5. Aspetti metodologici
6.2. Le narrazioni sul commissariamento dell’area archeologica
Si individuano due principali narrazioni rispetto alla vicenda del commissariamento dell’area archeologica di Napoli e Pompei.
La prima – la narrazione ministeriale - è quella sostenuta dal Ministro della cultura in carica in quel periodo e dal secondo Commissario.
La seconda – la narrazione di opposizione - è quella condivisa dall’ex Soprintendente di Pompei Pietro Guzzo, dall’ex direttore per le antichità e membro della commissione di indirizzo e coordinamento, dal sindacato UIL e da Italia Nostra.

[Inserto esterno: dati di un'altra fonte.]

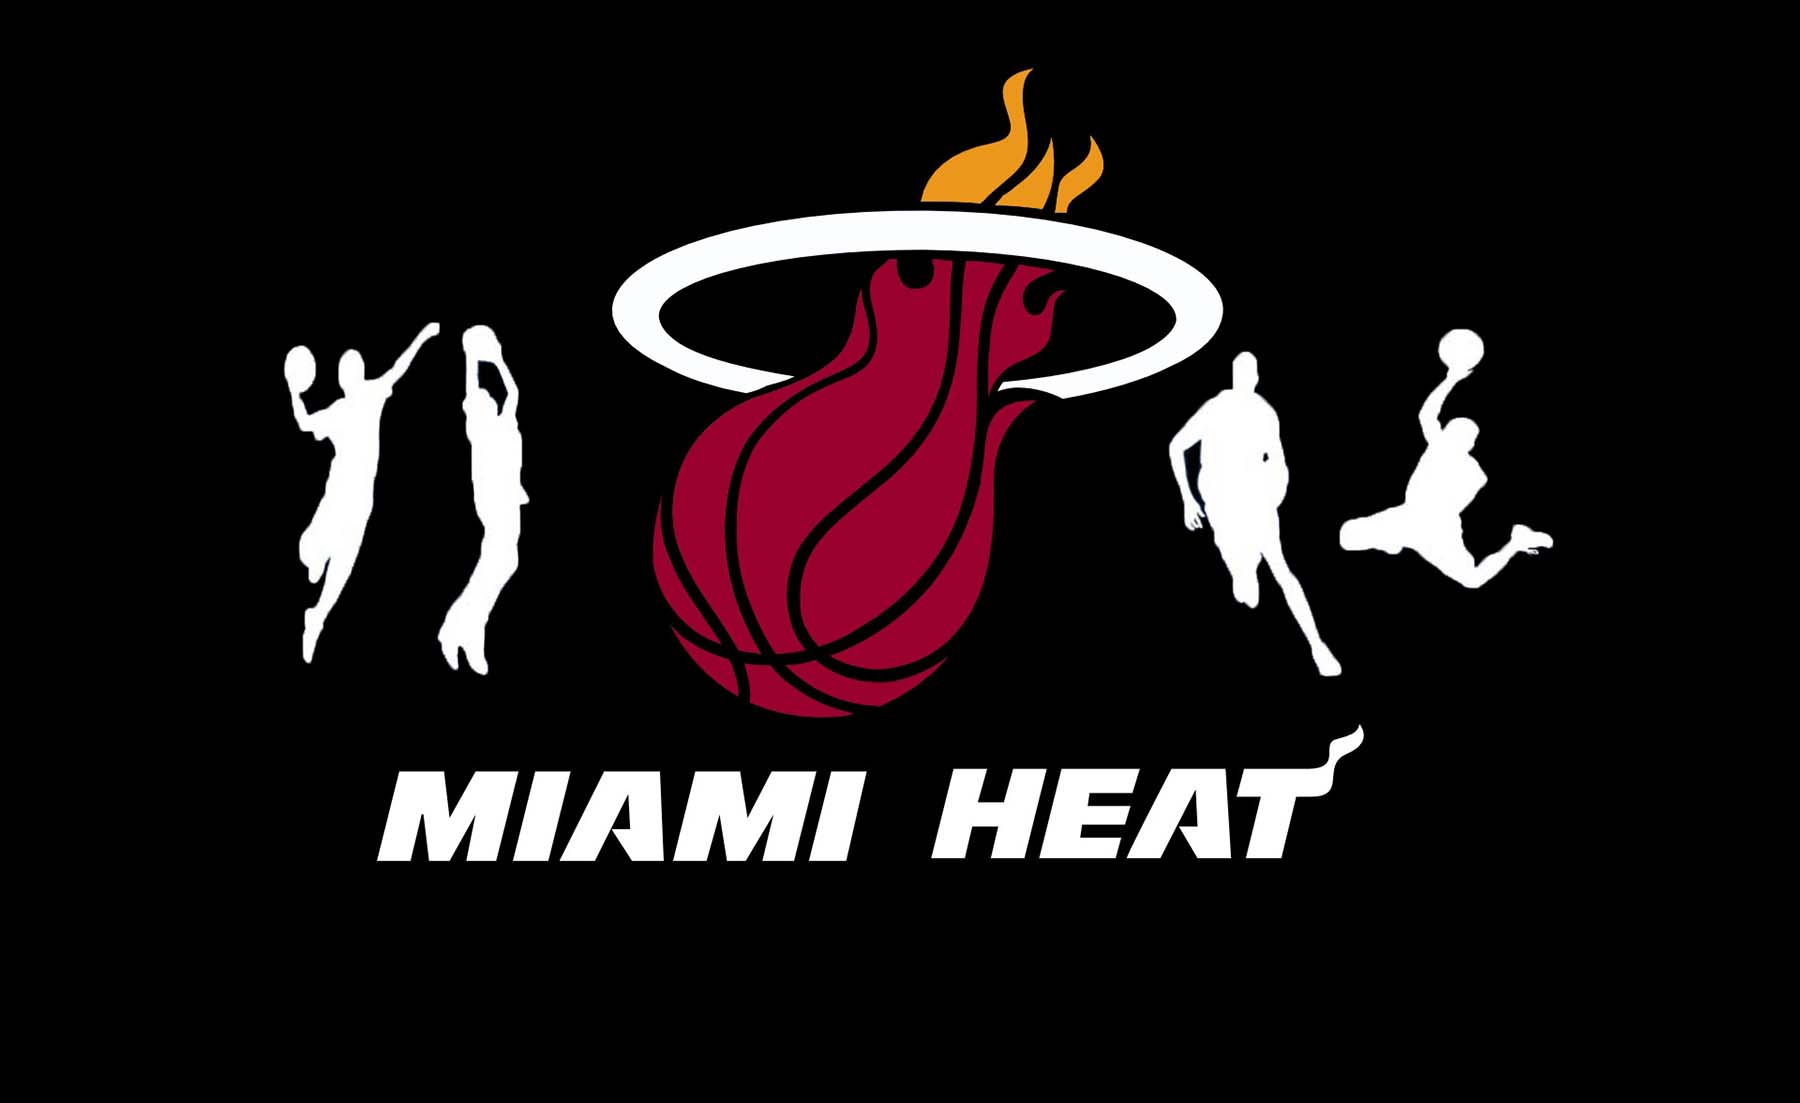 Miami Heat Image Nba Championship Games Wallpaper

Ogni narrazione è caratterizzata dal fatto di essere omogenea rispetto all’interpretazione degli obiettivi, delle decisioni prese dal Commissario e dei risultati raggiunti.
Va ricordato che non è stato pertanto possibile includere nella ricerca il punto di vista dei funzionari della Soprintendenza poiché l’attuale Soprintendente non ha permesso che durante le interviste fossero approfondite questioni direttamente legate alla vicenda del commissariamento. Questo rafforza ulteriormente, semmai ce ne fosse bisogno, il giudizio negativo riguardo alla trasparenza dell’intera operazione.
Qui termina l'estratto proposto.